Понятие «экономики» в его современном понимании должно было быть изобретено, и для этого требовалась стабилизация тревожной и неустойчивой фигуры ярмарки. «Когда буржуазия трудилась над тем, чтобы выделить экономическое как отдельную сферу, отграниченную от его тесной и множественной взаимосвязи с праздничным календарем, она параллельно прилагала усилия к тому, чтобы концептуально переоформить ярмарку либо как рациональное, коммерческое, торговое мероприятие, либо как народное место увеселений» [5]. Такое разделение было необходимо буржуазии, чтобы намертво отделить морально возвышающий труд от упаднического досуга — и тем самым отвергнуть «временное расчленение удовольствия». Поэтому, «хотя буржуазные классы часто пугались угрозы политического подрыва и моральной распущенности, их, возможно, в ещё большей степени шокировала глубокая концептуальная путаница, вызванная смешением на ярмарке труда и удовольствия, торговли и игры». Ярмарка всегда несла в себе следы «призрака мира, который мог бы быть свободным», угрожая лишить торговлю той ассоциации с тяжким трудом и накоплением капитала, которую буржуазия пыталась навязать. Именно поэтому «карнавал, цирк, цыгане, люмпен-пролетариат играют в буржуазной культуре символическую роль, совершенно несоразмерную их реальной социальной значимости» [6].

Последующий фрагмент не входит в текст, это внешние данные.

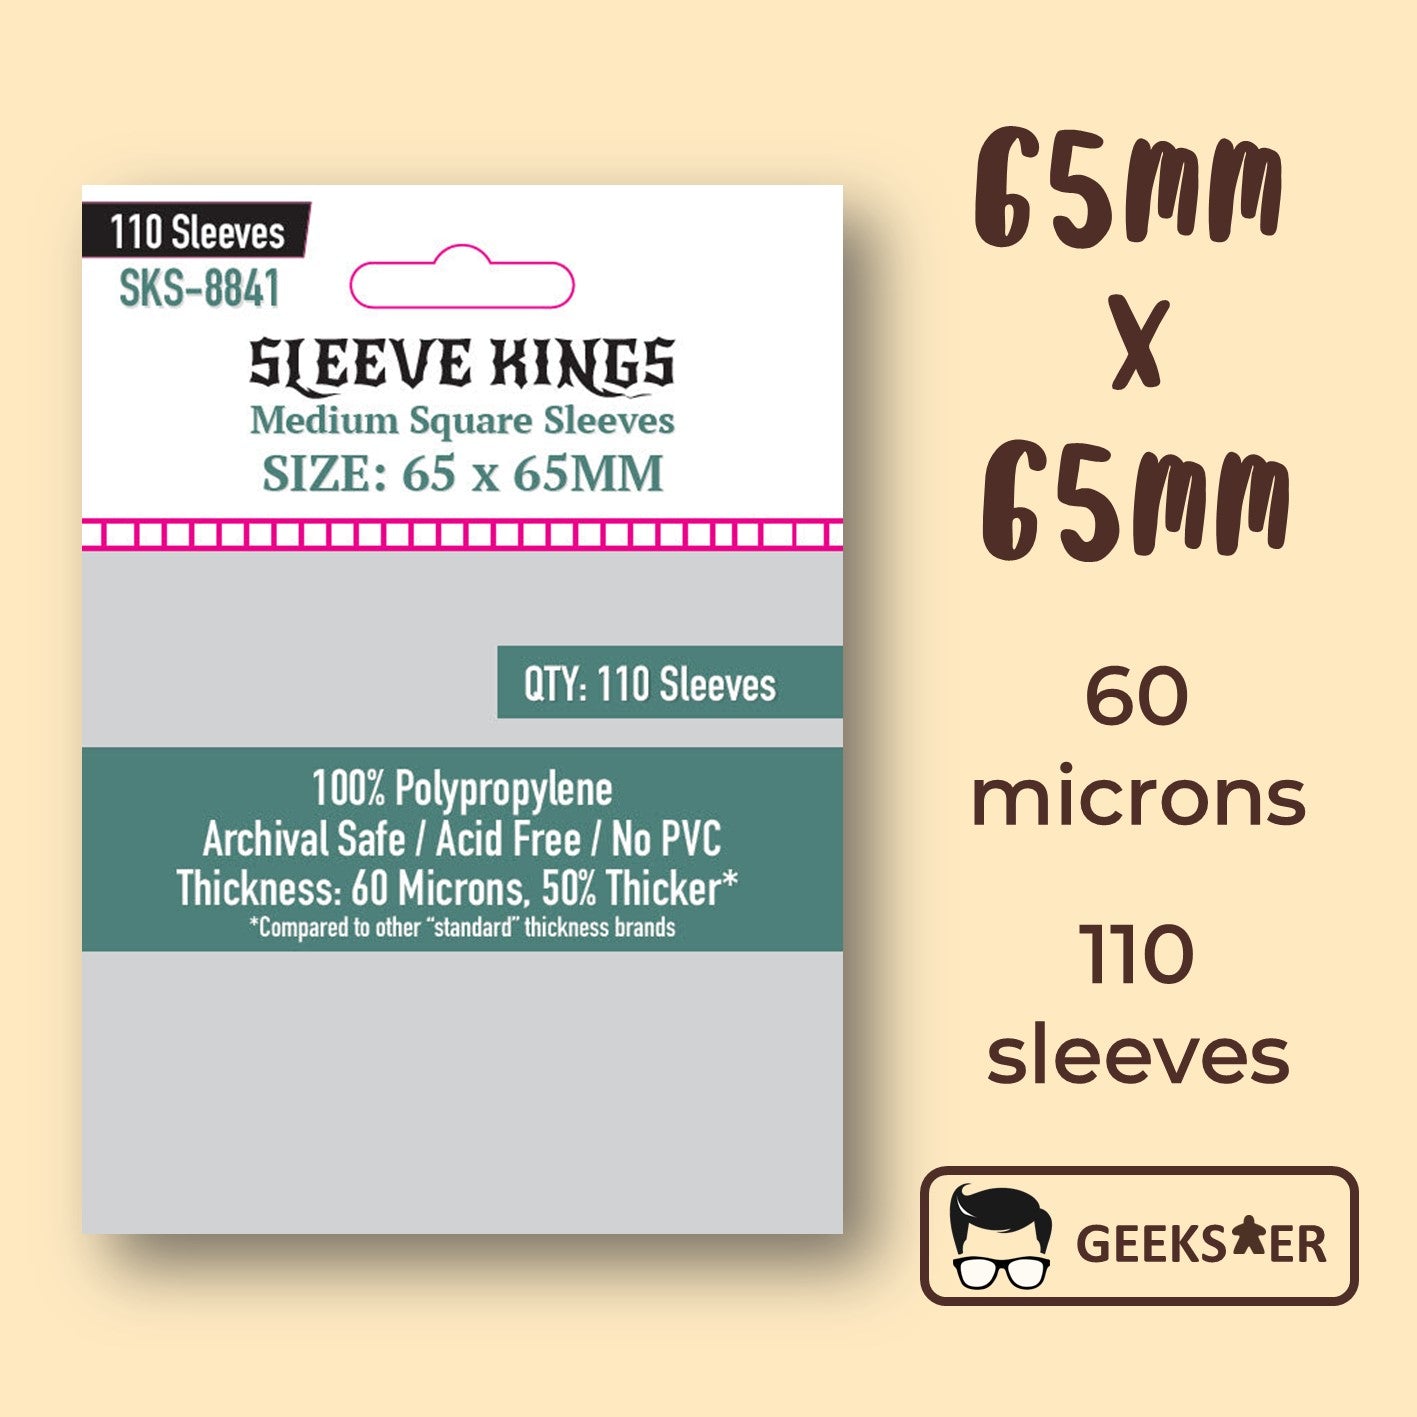 [65 X 65mm] 8841 Sleeve Kings Medium Square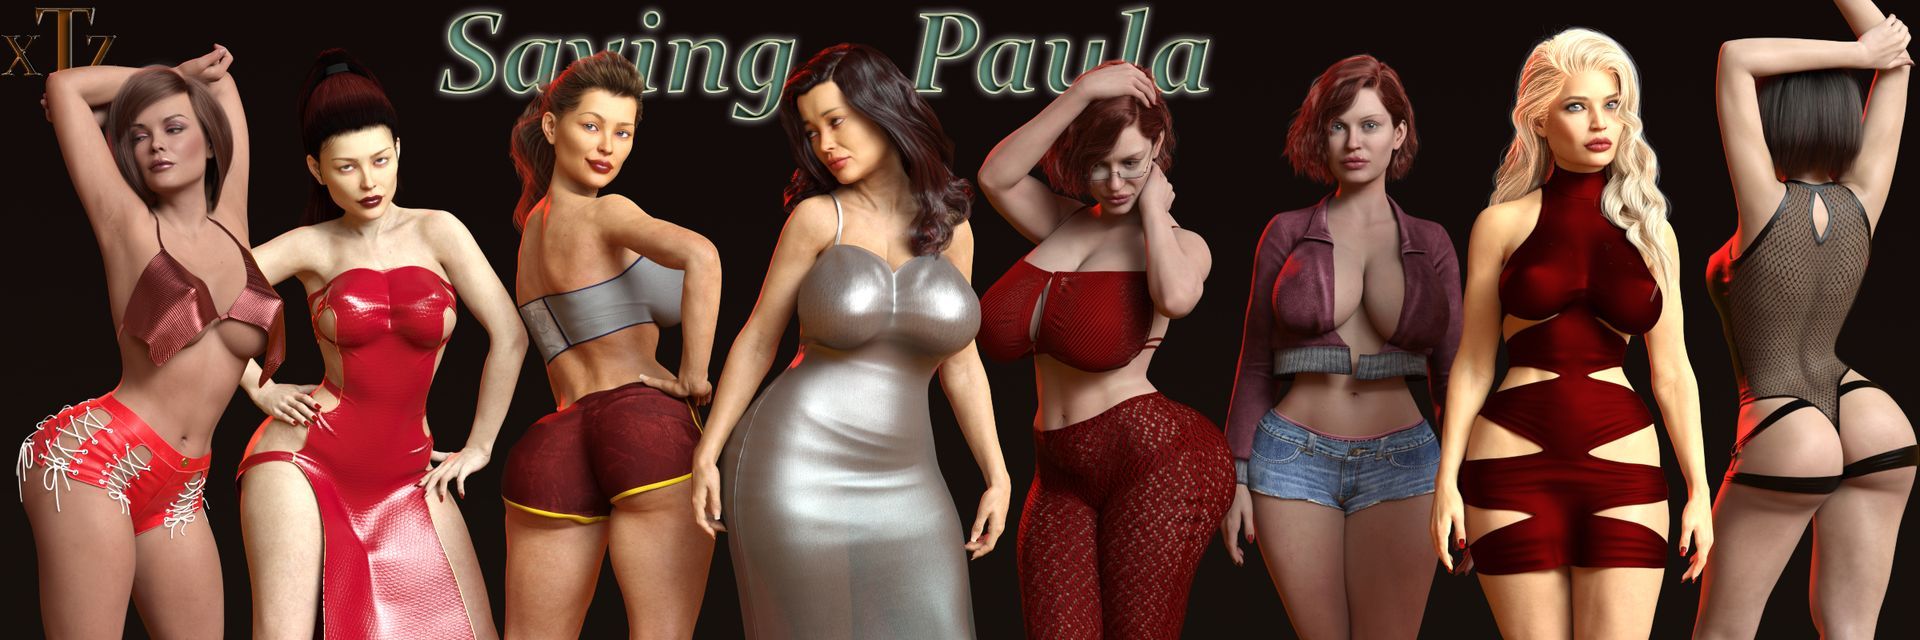 Saving Paula Adult Game Android Download

Карнавал, цыгане и люмпен-пролетариат воплощали формы жизни и формы торговли, несовместимые с уединенным трудом одинокого буржуазного субъекта и тем миром, который он проецировал. Именно поэтому их нельзя было терпеть. Если другие формы жизни были возможны, то — вопреки одной из самых известных формулировок миссис Тэтчер — альтернативы всё же существовали.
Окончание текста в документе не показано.